# Properties of computable numbers

If we enumerate* all the computable numbers, those for which there exist a turing machine that outputs its digits to arbitrary precision. What is known about the asymptotic density of rationals, irrationals, algebraic, normal and transcendental numbers in this set?

*Enumerate them by their Kolmogorov complexity, ie we enumerate all turing programs up to a total character length n, then take the limit as n approaches infinity, does any of the number types have a limiting density in this set?

• Please define relative density. – Rasmus Oct 27 '11 at 15:30
• Doesn't that depend drastically on the enumeration you choose?
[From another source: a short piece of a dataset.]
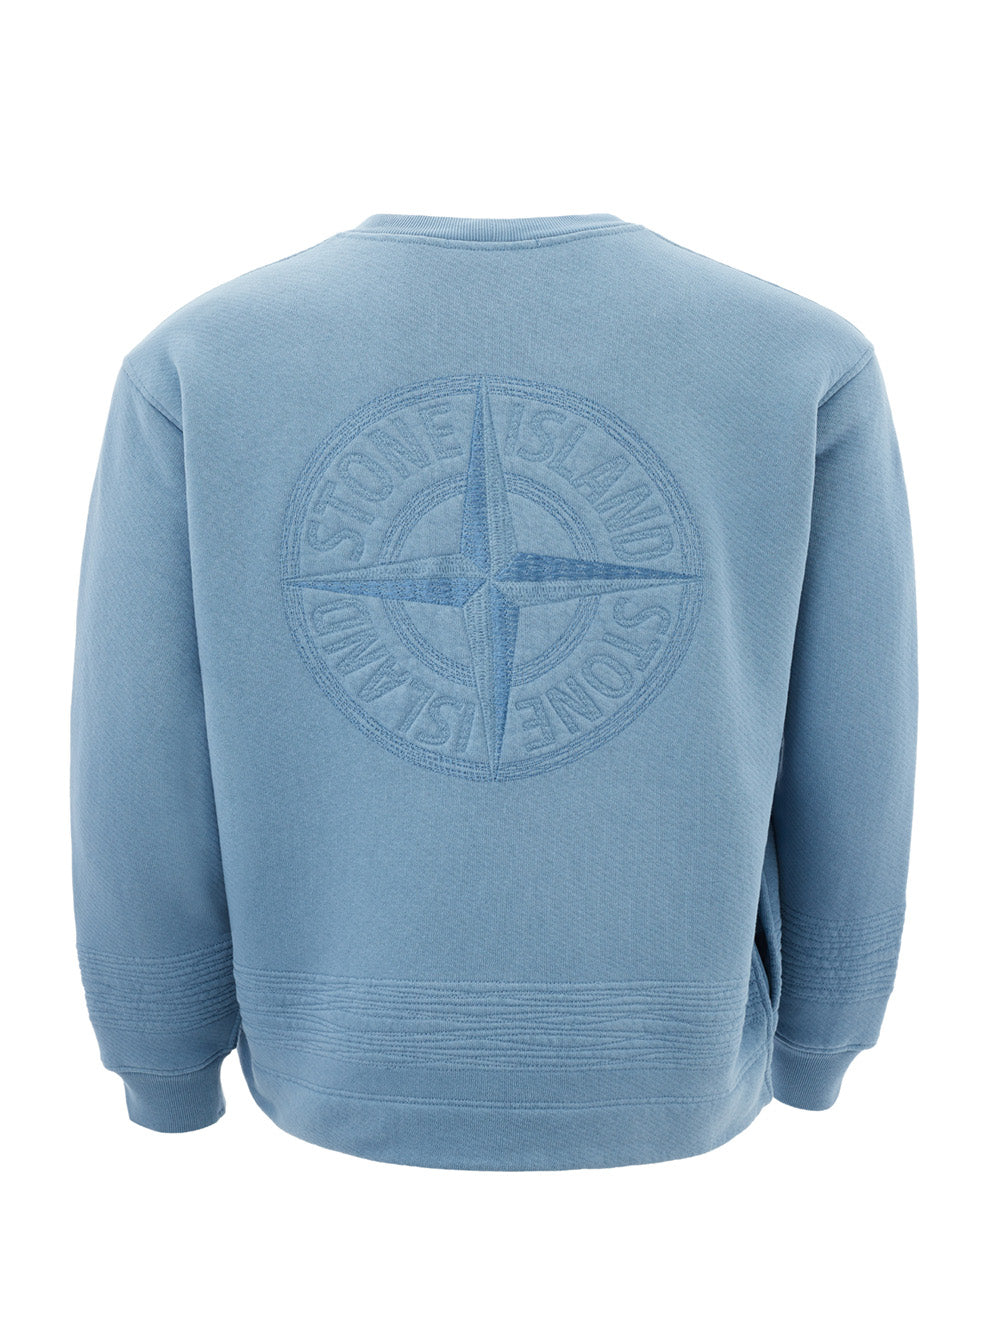 Stone Island Light Blue Cotton Compass Sweatshirt

You can just play Hilbert's hotel and take another enumeration: first 10 irrationals, then 27 transcendentals, then 1 rational and repeat this pattern, so I'd be surprised if this question is well-posed. – t.b. Oct 27 '11 at 15:41
• Here's a somewhat related thread – t.b. Oct 27 '11 at 15:50
• @Raphael: No. For each positive integer $n$ the multiples of $n$ have density $1/n$ in the integers, but all of these sets are countable. – Brian M. Scott Oct 27 '11 at 20:25
• There is no effective enumeration of all computable numbers. However, there are effective enumerations of the Turing machines, but not all Turing machines compute real numbers. How should we think of those machines that don't compute real numbers? – François G. Dorais Oct 28 '11 at 11:30

Allow me to interpret your question as follows. For each Turing machine program $e$, we consider the set $W_e$ of natural numbers accepted by program $e$, and then interpret $W_e$ as the locations of digit $1$ in the binary expansion of a number in the unit interval. Thus, program $e$ is in effect giving us better and better lower bounds for the limit real, as the digits gradually appear. (Note that we cannot control the rate of convergence here, but some accounts of computable reals insist that one does control the rate of convergence.) There is a natural enumeration of the Turing machine programs, and so we thereby obtain a natural enumeration of the computable reals in the unit interval. This enumeration is uniformly semi-computable, in the sense that we may enumerate all the pairs $(e,k)$, such that the $k^{\rm th}$ digit of the $e^{\rm th}$ real is $1$. François pointed out in his comment that a simple diagonalization prevents us from improving semi-computable here to computable.
Conclusion. For this enumeration, almost every computable real has only finitely many $1$s, and therefore is a rational number, with asymptotic probability one.